Pemeriksaan kesehatan kepada para sopir yang didominasi sopir bus tersebut diinisiasi petugas gabungan dari Dinas Perhubungan, Dinas Kesehatan Kota Cimahi, serta unsur kepolisian dari Polres Cimahi.
Kepala Seksi Angkutan Dinas Perhubungan, Kota Cimahi, Ranto Sitanggang menyebutkan, dari puluhan sopir bus yang diperiksa, dua orang tensi darahnya tinggi. Hal itu dikarenakan mereka sudah mengemudi selama 6 jam sehingga diduga kelelahan.
"Mereka kelelahan, tadi langsung diberikan obat sama petugas kesehatan dan diminta istirahat dulu," ucapnya.

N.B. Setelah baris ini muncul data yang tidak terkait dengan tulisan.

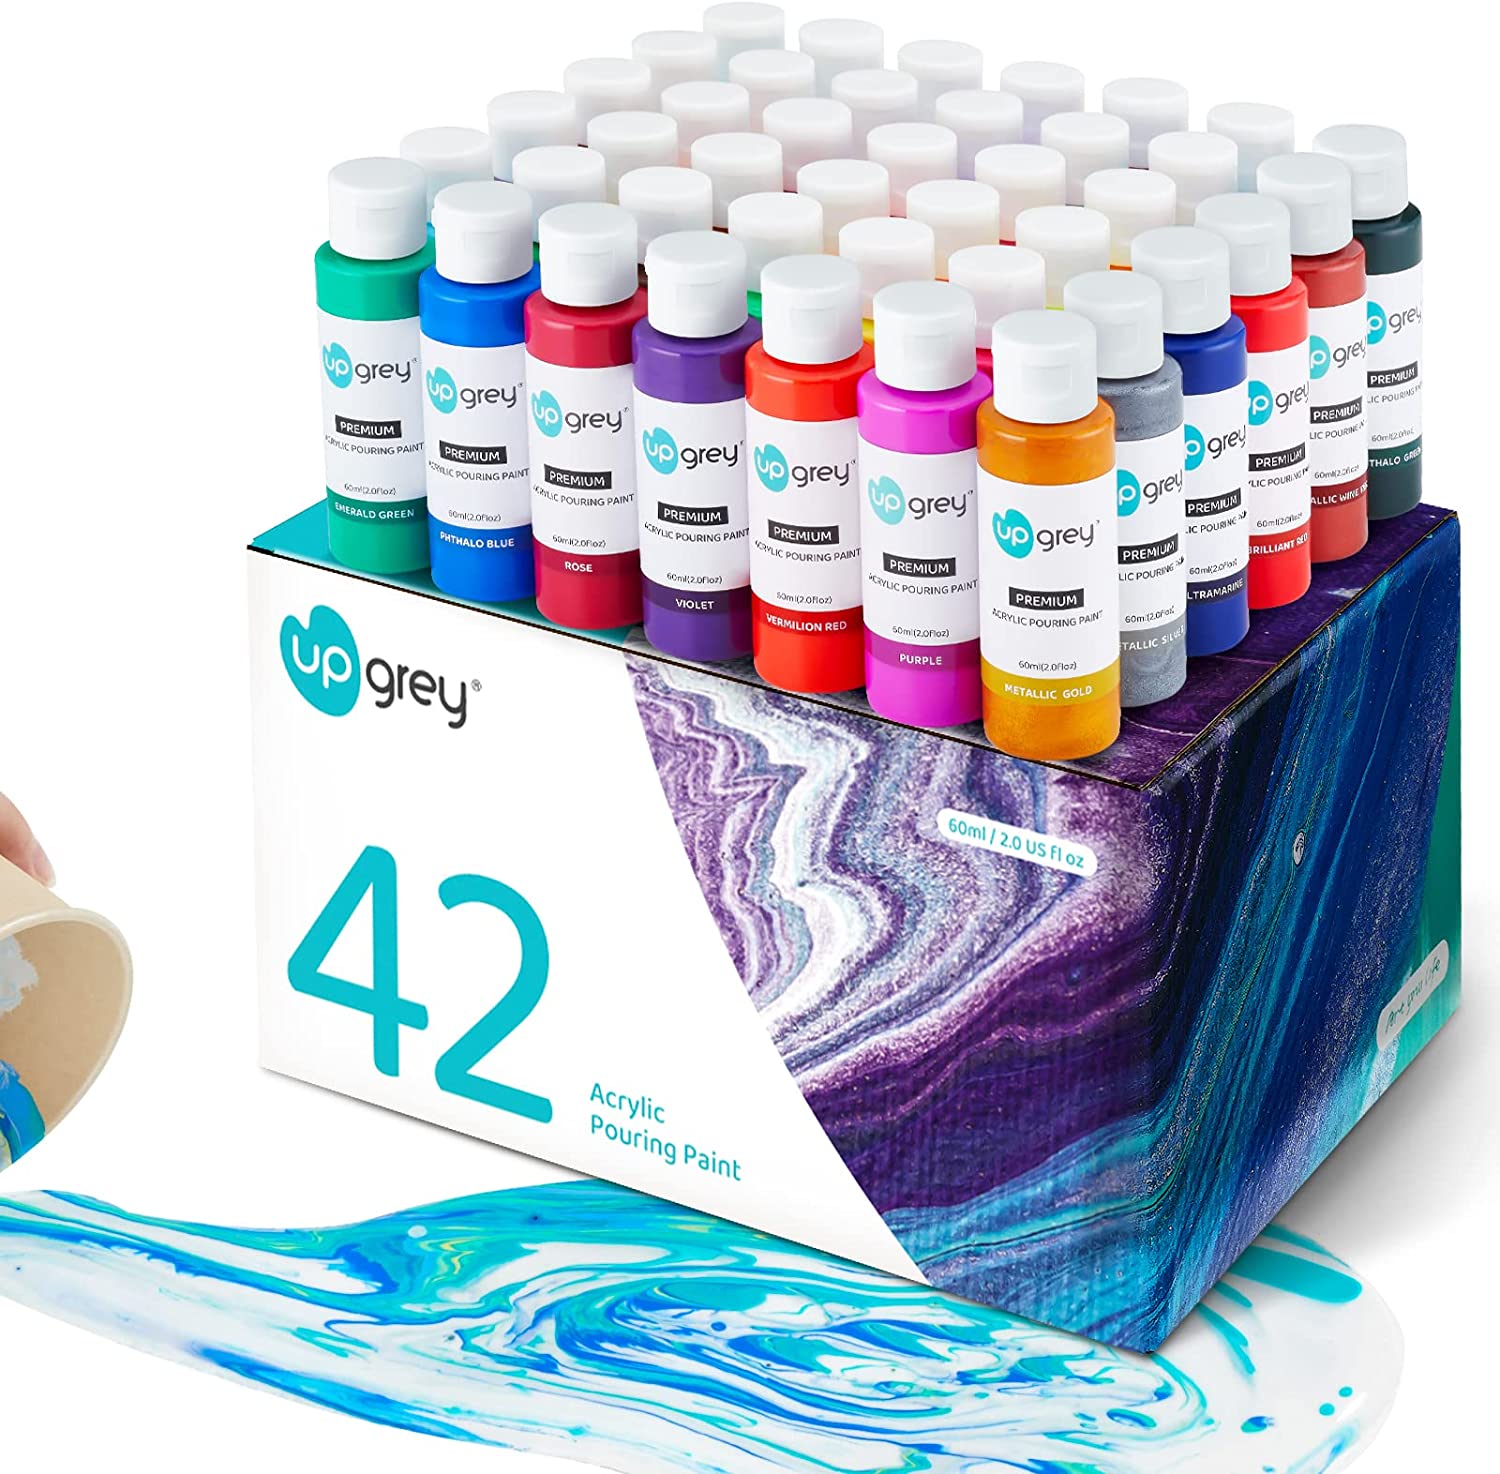 Acrylic Pouring Paint (60ml/2oz Bottles) 42 Colors, [...]
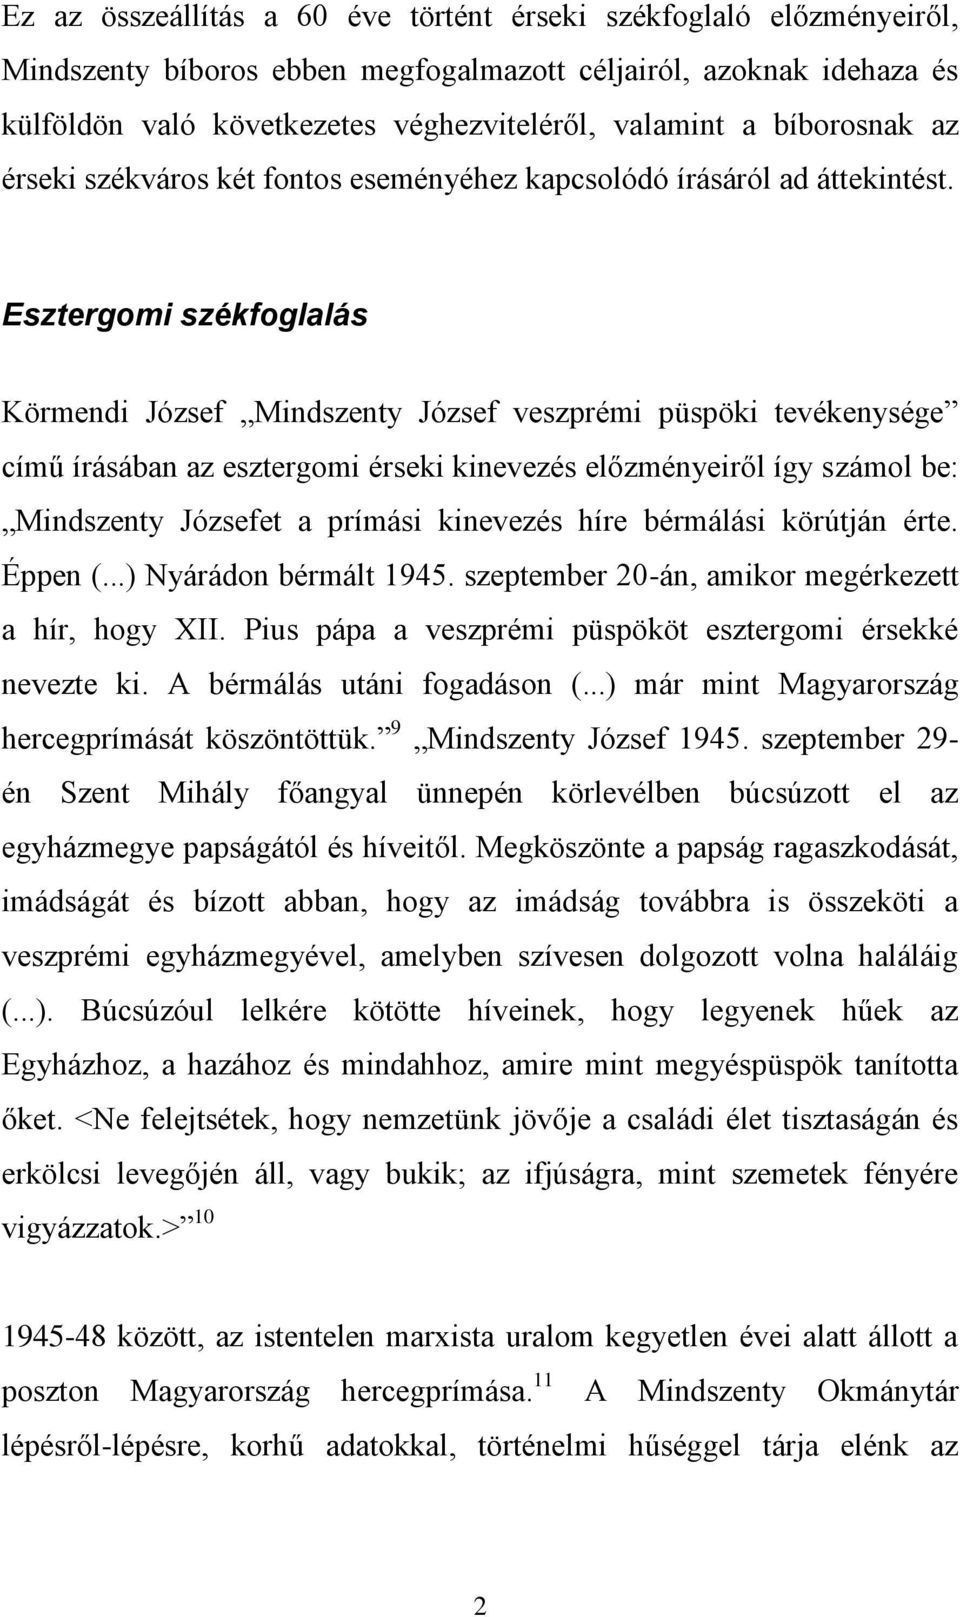 Esztergomi székfoglalás Körmendi József Mindszenty József veszprémi püspöki tevékenysége című írásában az esztergomi érseki kinevezés előzményeiről így számol be: Mindszenty Józsefet a prímási

Aesuai Standar Pelayanan Minimal (SPM), maksimal mengemudi bagi sopir bus itu maksimal 8 jam. Setelah itu, diharuskan untuk diganti dengan sopir cadangan atau istirahat terlebih dahulu. Hanya mungkin dalam kondisi puasa, mengemudi 6 jam sudah bisa menyebabkan kelelahan.
Selain sopir, bus pengangkut penumpang juga turut dilakukan pemeriksaan. Pihaknya menemukan sejumlah unit bus yang tidak dilengkapi dengan persyaratan administrasi. Seperti kartu pengawas dan izin trayek yang sudah kadaluwarsa.